Ganz herzliche Grüße und alles Gute!!!
Sabine



Hier noch der Originaltext aus dem Lexikon der Syndrome und Fehlbildungen (7te Auflage, S.456 f):

GAPO (Größenretardation, Alopezie, Pseudoanodontie, Optikusatrophie)

Genetisch bedingtes Progerie-Syndrom auf der Grundlage einer Genmutation. Basisdefekt und Pathogenese für eine zugrunde liegende Bindegewebs-Speicherkrankheit (Mukopolysaccharidose?) sind unbekannt.

Krankheitswert
Erstmanifestation klinischer Erscheinungen im 1. Lebensjahr. Kleinwuchs, Alozepie. Mittelgesichtshypoplasie mit hoher gewölbter Stirn und klaffender Fontanelle. Mikrozephalus. Zahnretention. Dicke, schlaffe Haut. Visusverlust durch Optikusatrophie, Myopie, Glaukom, Keratokonus u.a. Oligophrenie. Hypogonadismus. Lebenserwartung herabgesetzt.

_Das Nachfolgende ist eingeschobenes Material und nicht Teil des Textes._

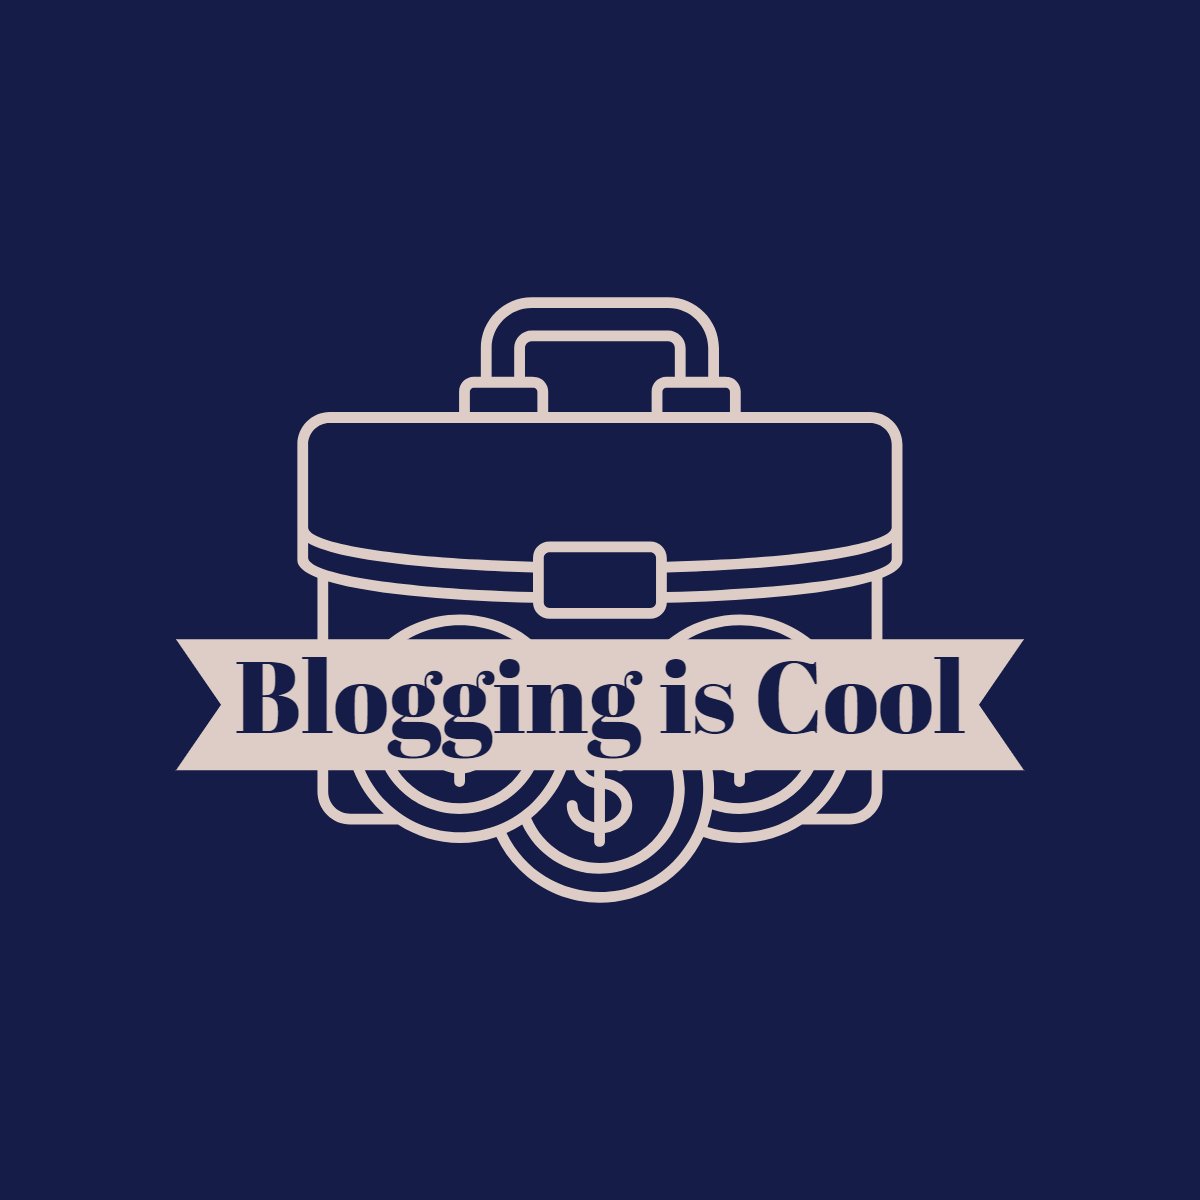 bloggingiscool.com about making quality content consistently for your blog
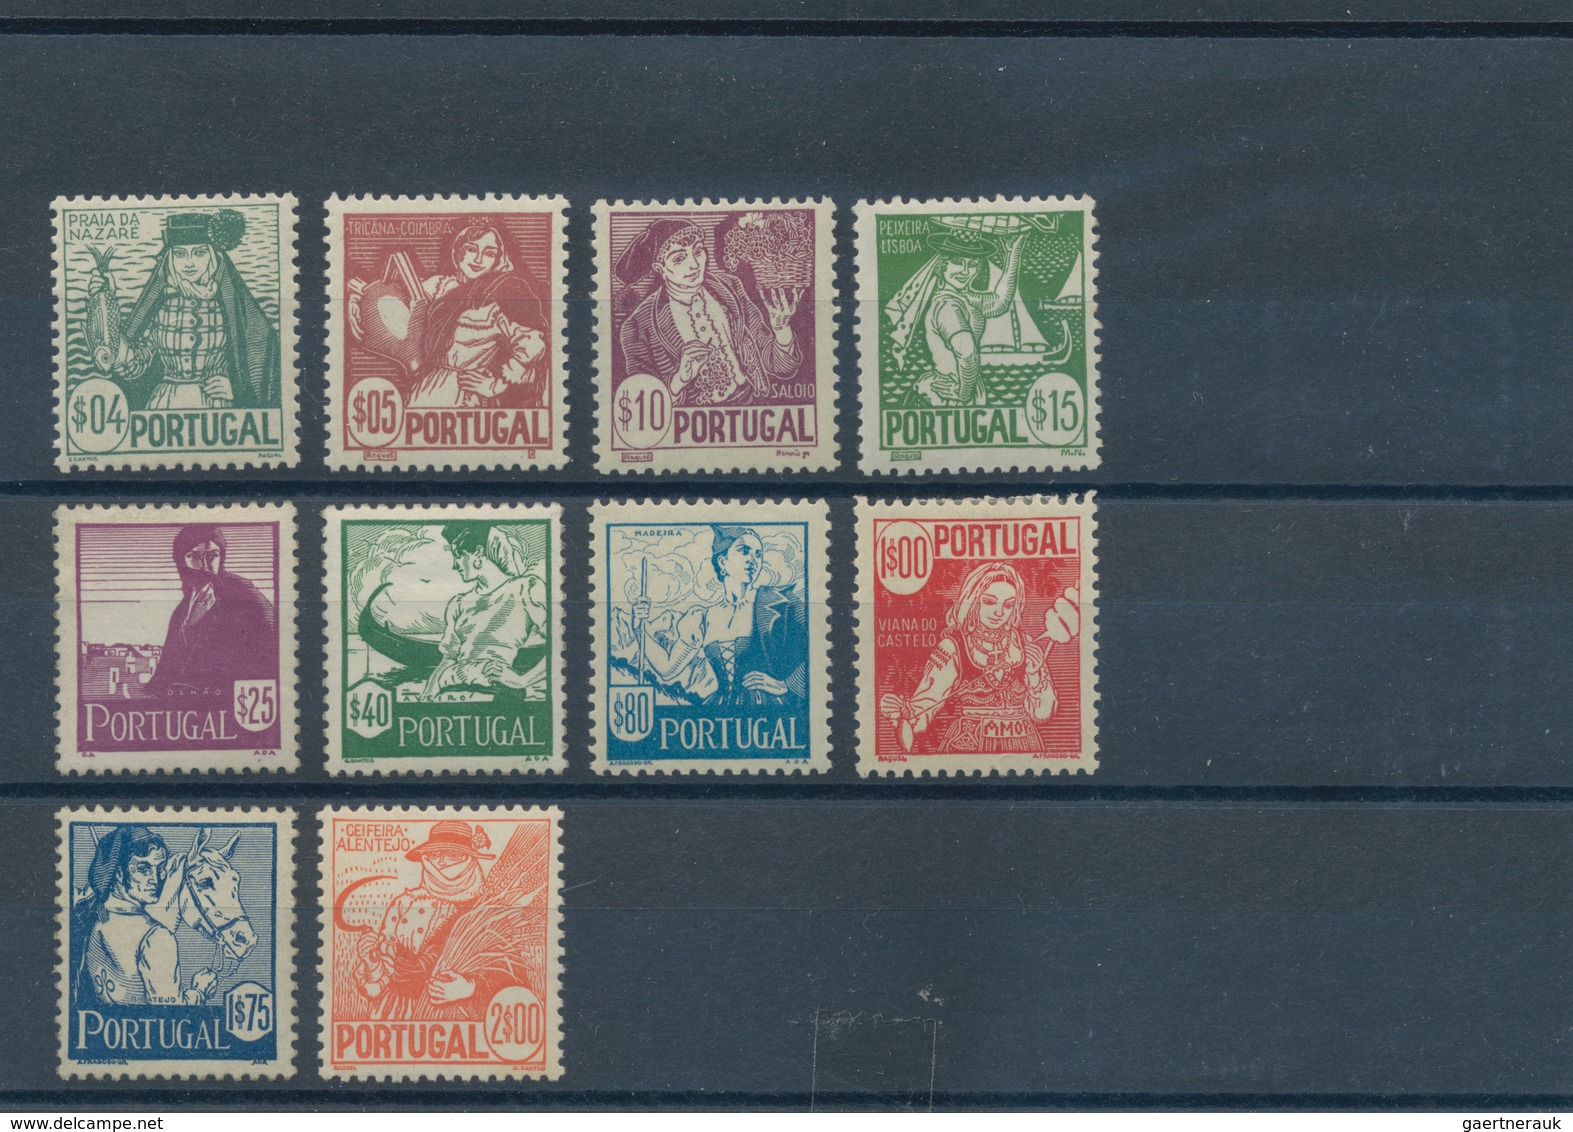 Portugal: 1940/1954, ten complete year sets without the souvenir sheets, mint never hinged, some sta

Therapiemöglichkeiten unbekannt.

Häufigkeit und Vorkommen:
Seit Erstbeschreibung 1947 etwa 18 sporadische Geschwisterfälle, teilweise aus Verwandtenverbindungen, bekannt.

Genetik:
Autosomal rezessiver Erbgang.

Familienberatung:
Differentialdiagnose zu anderen Progegie-Syndromen (Hutchinson-Gilford-Syndrom) und Formen der Optikusatrophie wichtig.